A 50 gallons tank initially contains 10 gal of fresh water. At t = 0, a brine solution

containing 1 lb of salt per gallon is poured into the tank at the rate of 4 gal/min, while the

well-stirred mixture leaves the tank at the rate of 2 gal/min. Find

a. the amount of time required for overflow to occur

b. the amount of salt in the tank at the moment of overflow

Expert's answer

Let $s(t) =$ amount, in lb of salt at time $t.$ Then we have

$\dfrac{ds}{dt}=$ (rate of salt into tank) − (rate of salt out of tank)
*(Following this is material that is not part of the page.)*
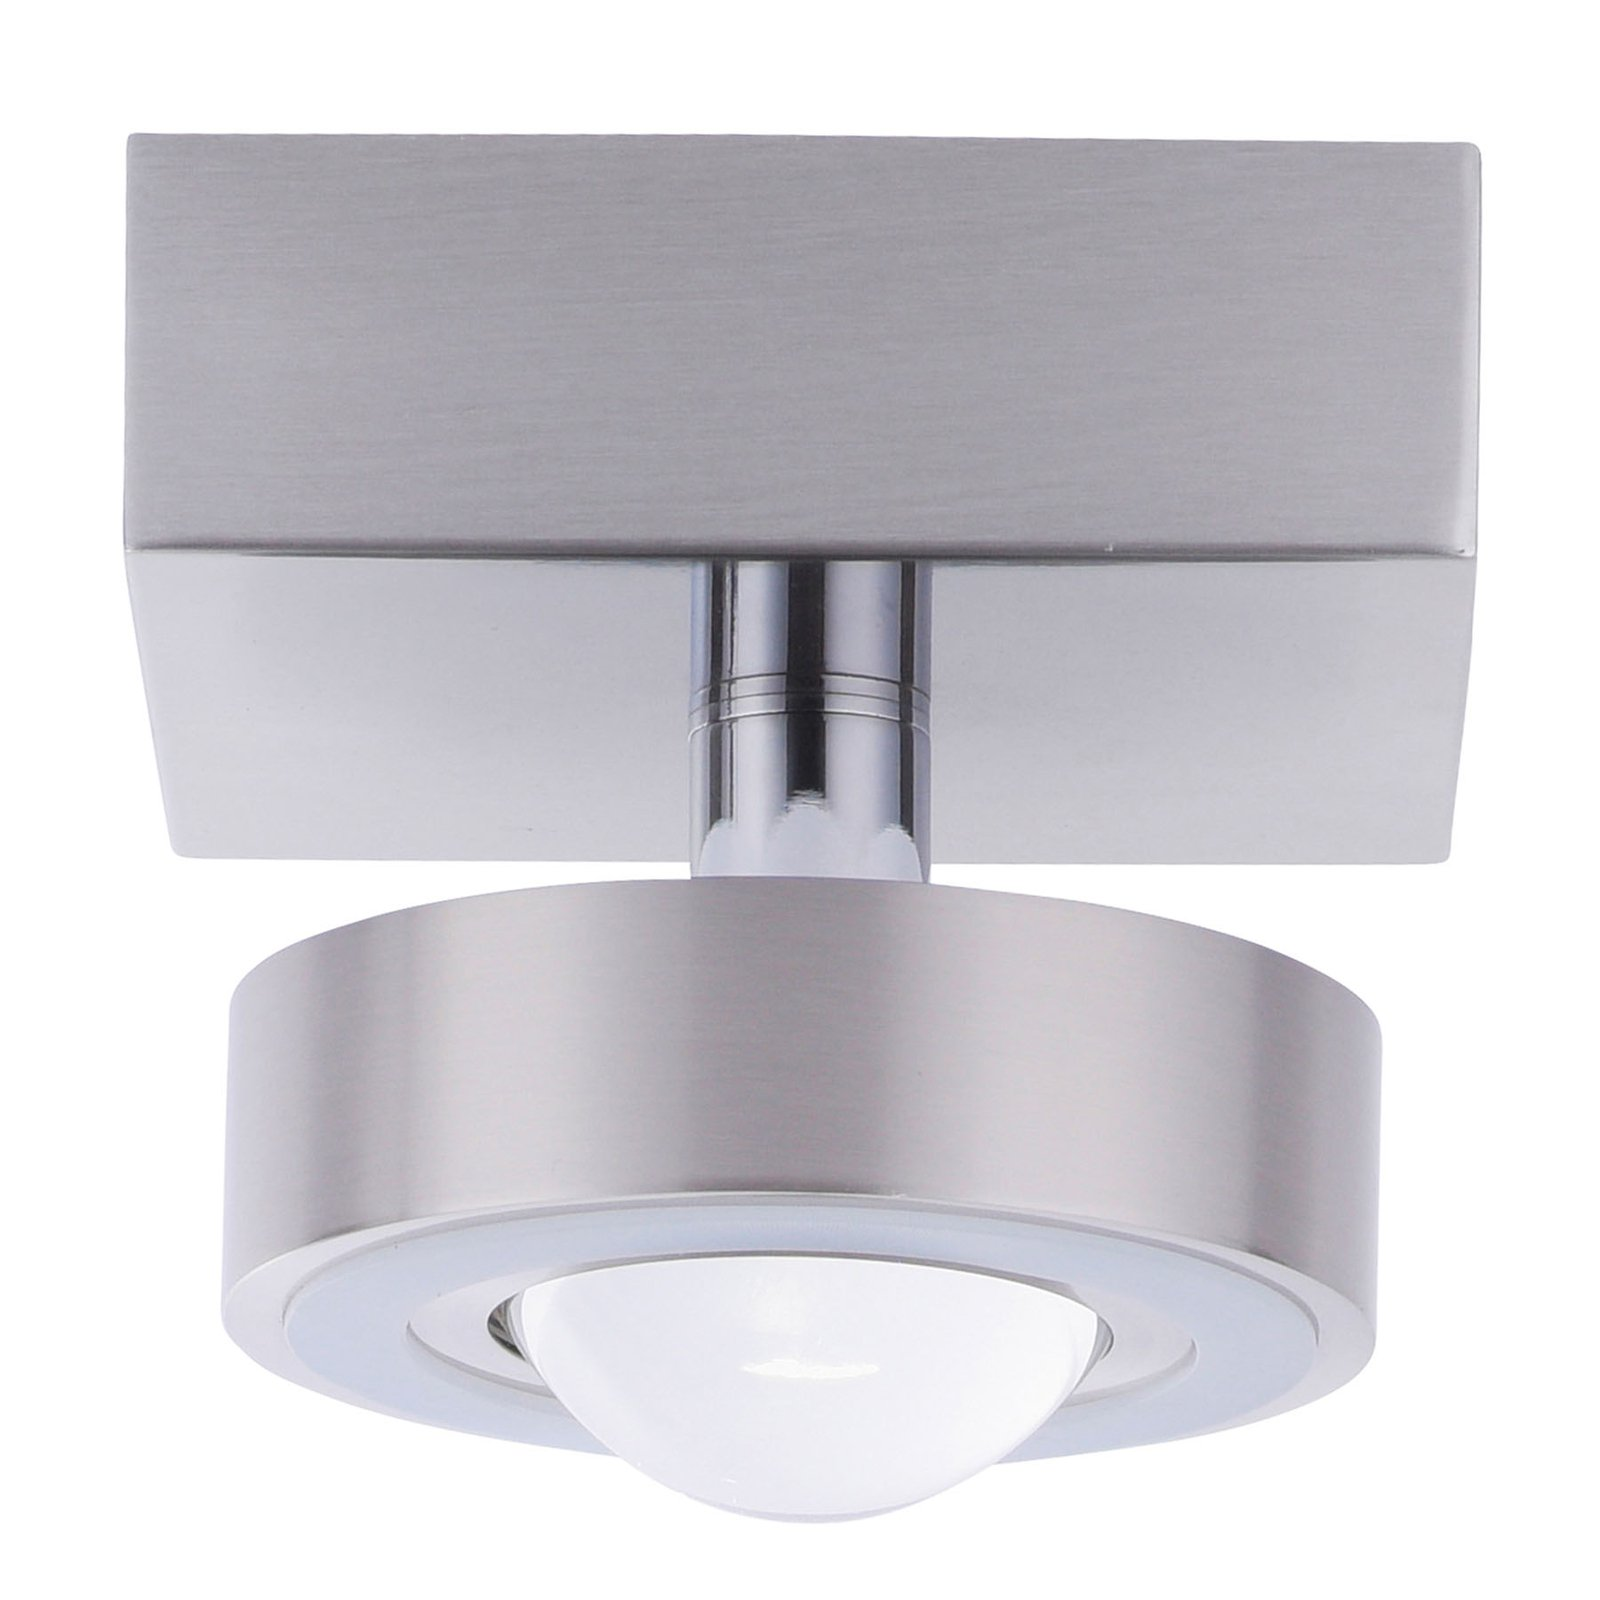 Paul Neuhaus Q-MIA LED-taklampe stål
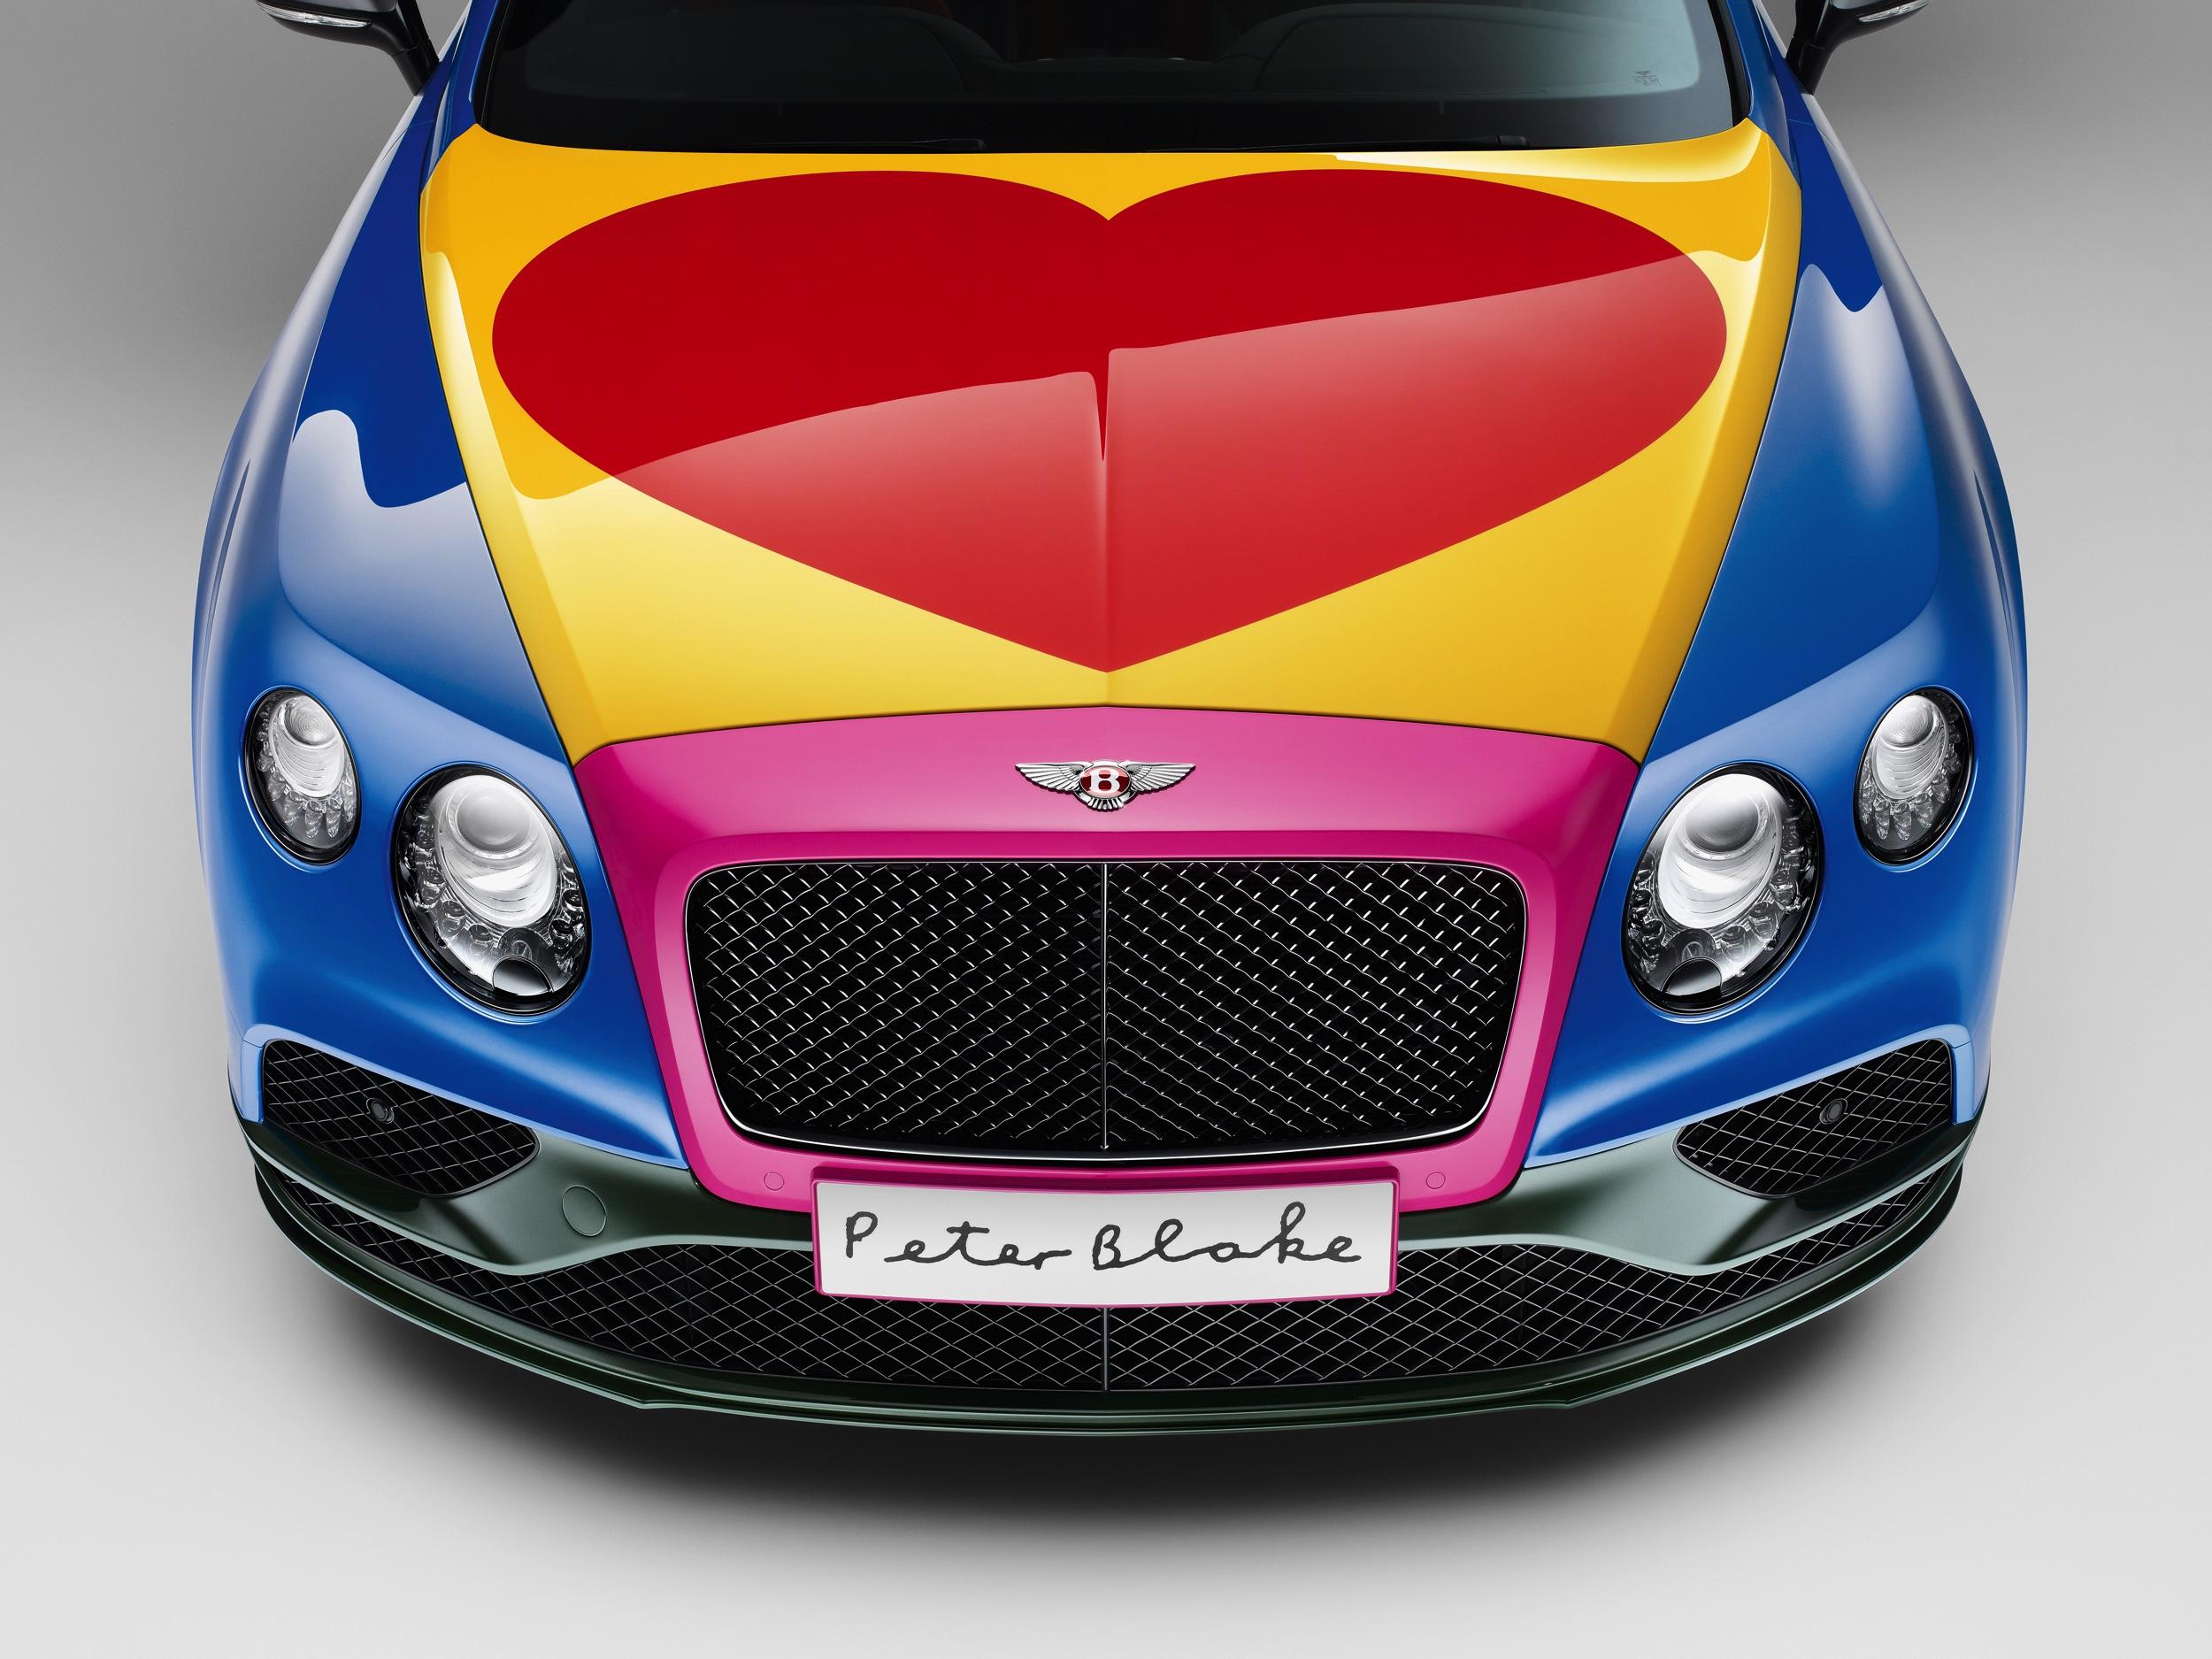 Bentley Continental by Peter Blake -3- Autovisie.nl

\dfrac{ds}{dt}=1(4)-\dfrac{2s}{10+(4-2)t}

So we get the differential equation

\dfrac{ds}{dt}+\dfrac{s}{5+t}=4, s(0)=0

Integrating factor

\mu=5+t

(5+t)\dfrac{ds}{dt}+s=4(5+t)

d((5+t)s)=4(5+t)dt

Integrate

\int d((5+t)s)=\int4(5+t)dt

(5+t)s=20t+2t^2+C

s=\dfrac{20t+2t^2+C}{5+t}

s(0)=\dfrac{C}{5}=0=>C=0

s(t)=\dfrac{20t+2t^2}{5+t}

a. $V=10+2t=50=>t=20$

The tank overflows at $t=20$ min.

s(20)=\dfrac{20(20)+2(20)^2}{5+20}=48(lb)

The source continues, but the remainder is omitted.